# Classic Mistake



## The Systemic Kid (Nov 23, 2012)

This is what happens when you leave a Classic overnight in the boot of your car.....on one of the coldest nights of the year. Water in the boiler froze - result is plain to see. The Classic - vintage 2002 - had been running really sweetly.


----------



## mhv (Oct 17, 2014)

Bloody hell - bummer! Still would've thought the car might offer enough protection - must have been seriously cold up there.


----------



## Mrboots2u (May 10, 2013)

Opps , truly it is grim up north .....

Thats a real shame


----------



## froggystyle (Oct 30, 2013)

Wow, must remember to check my antifreeze in the rad!!


----------



## 4515 (Jan 30, 2013)

A bit of super glue should sort that

Next time add a bit of anti freeze to the water


----------



## TomBurtonArt (Jan 18, 2015)

Ouch... write off? can replacement boilers be picked up?


----------



## The Systemic Kid (Nov 23, 2012)

Boilers are replaceable - question is whether it's worth doing.


----------



## urbanbumpkin (Jan 30, 2013)

That's a shame Patrick.


----------



## MartinB (May 8, 2011)

I'd take that off your hands if you wanted to offload it.

Martin


----------



## The Systemic Kid (Nov 23, 2012)

Martin - you're welcome to it.


----------



## MartinB (May 8, 2011)

Yhpm!


----------



## El carajillo (Mar 16, 2013)

The Systemic Kid said:


> This is what happens when you leave a Classic overnight in the boot of your car.....on one of the coldest nights of the year. Water in the boiler froze - result is plain to see. The Classic - vintage 2002 - had been running really sweetly.
> 
> View attachment 11669


Sorry to see that Patrick.

A salutary reminder to members with their coffee M/ch setup in unheated utility rooms or similar unheated areas,even room temps can get very low, enough to cause damage.


----------



## Flibster (Aug 15, 2010)

Mrboots2u said:


> Opps , truly it is grim up north .....


Certainly is. And that's before you look at the weather.

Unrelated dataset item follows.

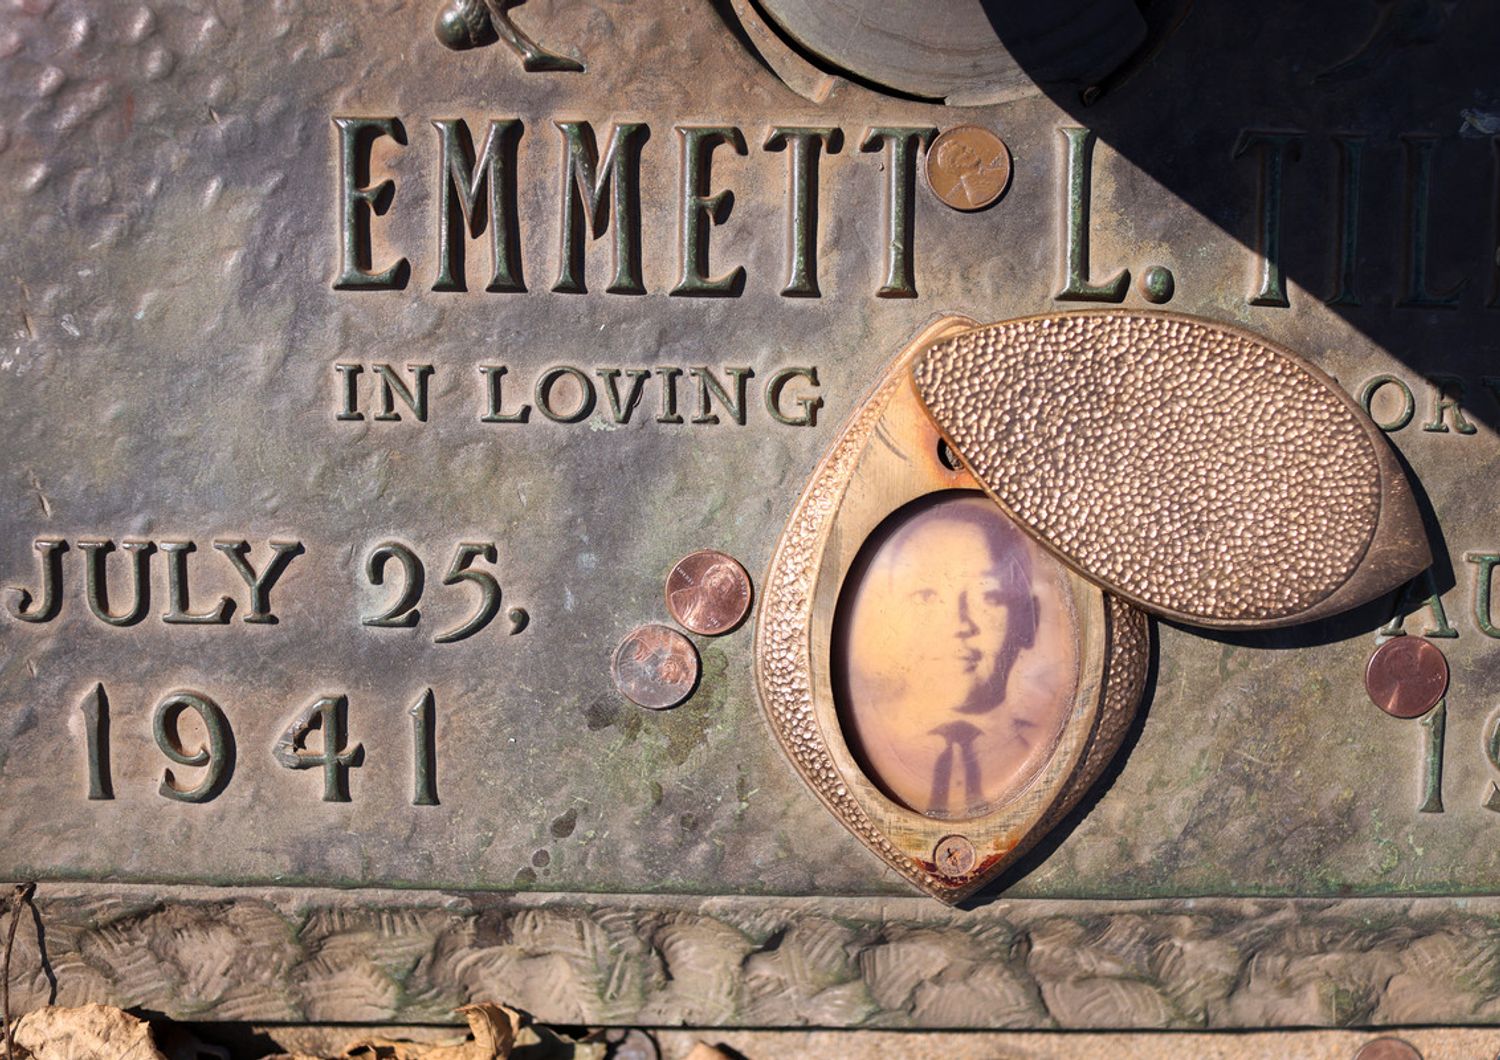 La tomba di Emmett Till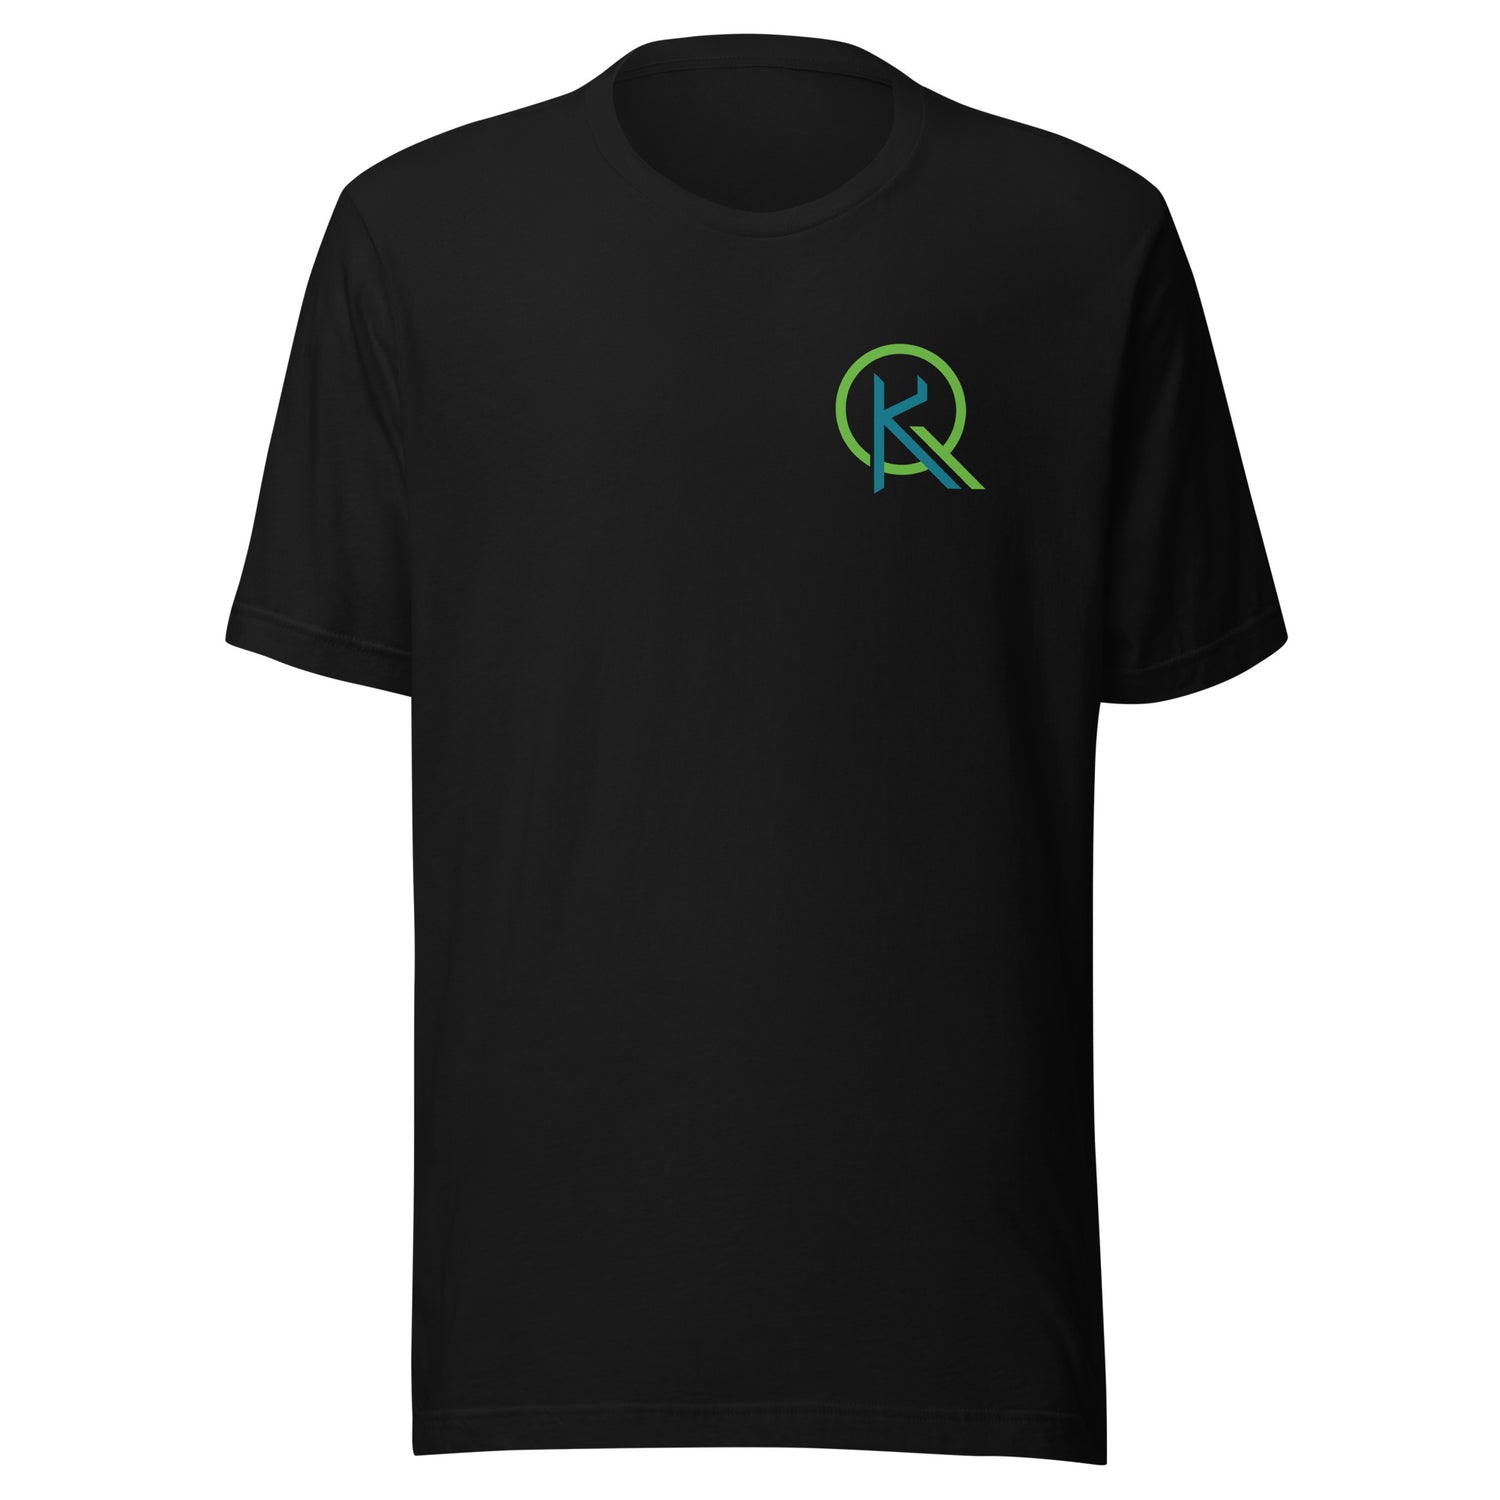 Kai Queen "Essential" t-shirt - Fan Arch

Water is a bastard of a material. Causes corrosion, expands when hot, expands when cold, conducts electricity... Hate the stuff.


----------



## espressotechno (Apr 11, 2011)

I always tell clients with mobile coffee carts to cover their coffee machines with an old duvet when they store their cart for the night / weekend/ winter.


----------



## funinacup (Aug 30, 2010)

espressotechno said:


> I always tell clients with mobile coffee carts to cover their coffee machines with an old duvet when they store their cart for the night / weekend/ winter.


I've stored a 3-group this way in my garage. Hope it's OK!


----------



## Xpenno (Nov 12, 2012)

Sad state of affairs, at least it wasn't the L1!!


----------



## The Systemic Kid (Nov 23, 2012)

Dead right, Spence. That's getting moved next weekend.


----------



## The Systemic Kid (Nov 23, 2012)

Flibster said:


> Water is a bastard of a material. Causes corrosion, expands when hot, expands when cold, conducts electricity... Hate the stuff.


Quite useful when making coffee, though


----------



## 7493 (May 29, 2014)

Flibster said:


> Certainly is. And that's before you look at the weather.
> 
> 
> 
> ...


You can add to that list, 'rusts anything ferrous, even stainless eventually, scales up everything if hard and as WC Fields once said "Fish f*c* in it."


----------



## The Systemic Kid (Nov 23, 2012)

Wasn't W.C. a bit of a soak??


----------